TeX ist das eigentliche Textschriftsatzsystem von Donald E. Knuth und LateX nur ein Aufsatz darauf, dass dessen Benutzung durch Macros stark vereinfacht. Ich kann nur jedem empfehlen, der mal etwas längere Texte in Word/OpenOffice.org/etc. geschrieben hat, sich LateX anzuschauen. Es kostet etwas Überwindung und der Text wirkt mit den Steuerzeichen gruselig, aber am Ende sieht das Ergebnis meist viel besser aus, als das was Word/OpenOffice.org/etc. bietet.

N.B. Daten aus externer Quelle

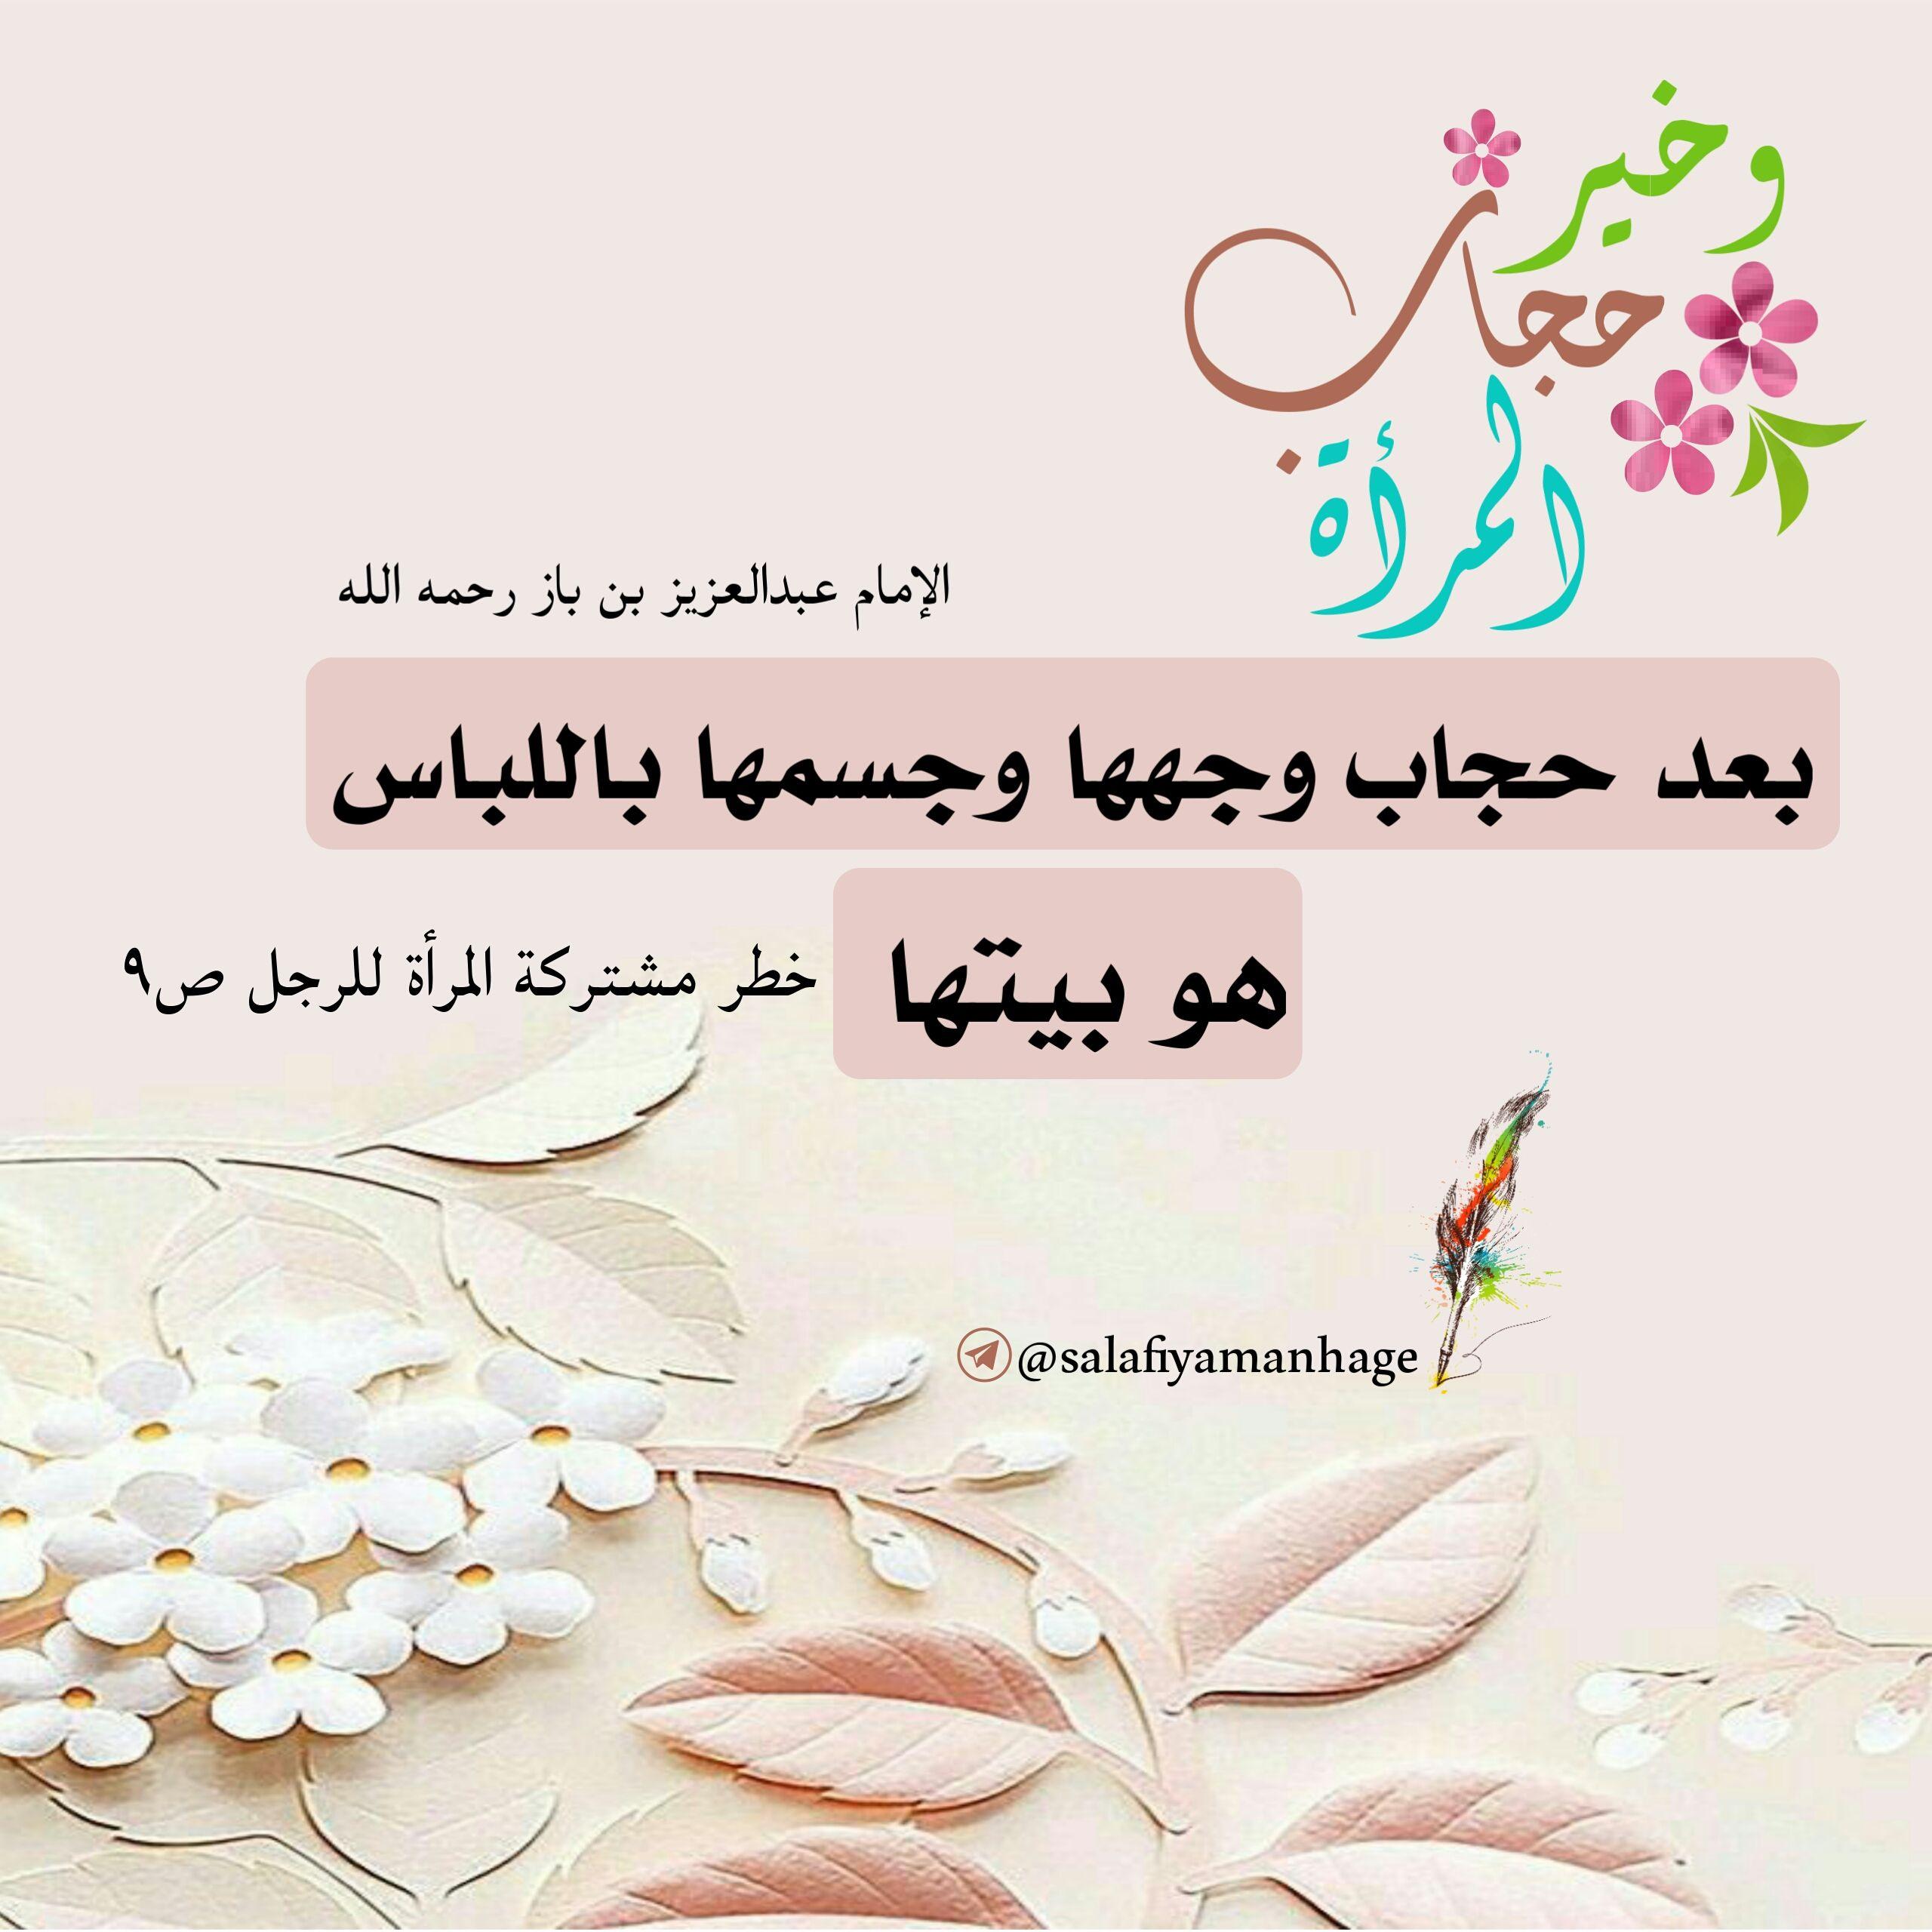 Pin By المرأة المسلمة On مواعظ ونصائح للأخوات Place Card Holders Place Cards Cards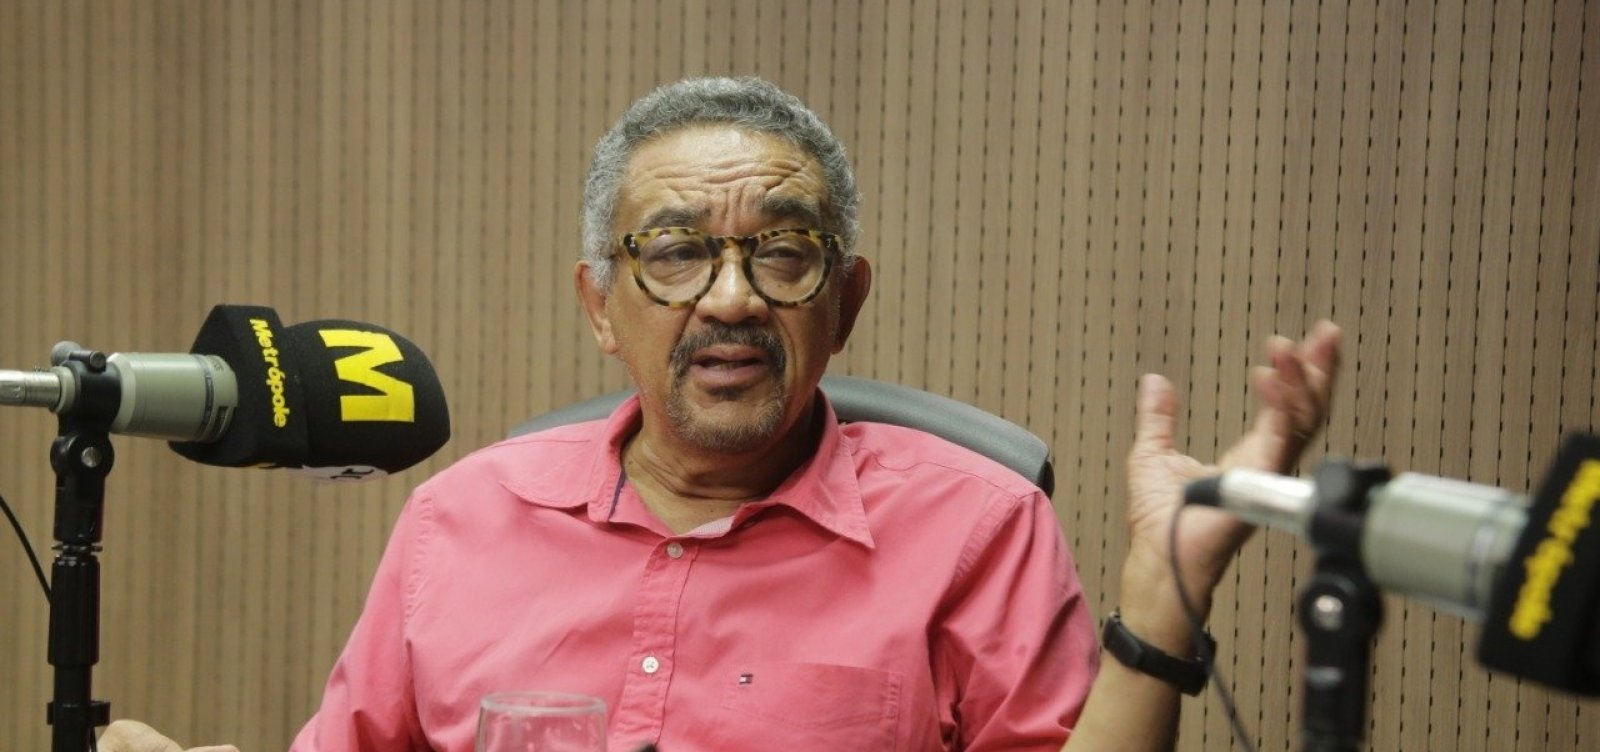 'O grotesco chegou ao poder no Brasil, no Planalto', acredita Muniz Sodré

https://de.wikipedia.org/wiki/LaTeX

Felix
Geschrieben von Felix am 23. März 2023 um 19:22

Für alle denen LateX noch zu kompliziert ist, ist vielleicht auch Lyx ein Blick wert. Aufgebaut wie Word und co, arbeitet aber im Hintergrund mit LateX und bei großen Dokumenten hat es einfach den Vorteil das die Ergebnisse wirklich besser werden

Bernd
Geschrieben von Bernd am 27. März 2023 um 16:07

Jetzt ist auch ein LanguageServer Typst LSP für VSCodium vorhanden!

mue
Geschrieben von mue am 7. Juli 2023 um 15:54

Wer auf Linux oder Unix arbeitet, keine Berührungsängste mit der Bash hat und eh gern mal programmiert, der kann sich ja groff anschauen. Ist ja eh schon auf dem System drauf. Mit pdfmom steht ein Super-Makropaket von Peter Schafter zur Verfügung. Der Satz kann sich mit TeX messen (wenn man nicht gerade ein Typo-Fetischist ist). Der Grauwert des Satzspiegels ist natürlich nicht so optimal wie bei TeX und Microtype gibt es auch nicht, aber das werden die wenigsten vermissen. Bei Briefen oder kurzen Dokumenten wird es eh keiner brauchen. Wenn ich mich recht entsinne, hat O'Reilly bis vor wenigen Jahre alle Bücher mit troff gesetzt. https://www.schaffter.ca/mom/mom-01.html https://www.teuderun.de/groff/

Stefan
Geschrieben von Stefan am 13. Februar 2024 um 20:14

Sieht interessant aus, aber in nicht einfacher als LaTeX. Wirkt auf mich wie eine Mischung aus LaTeX Formelsatz und plain TeX.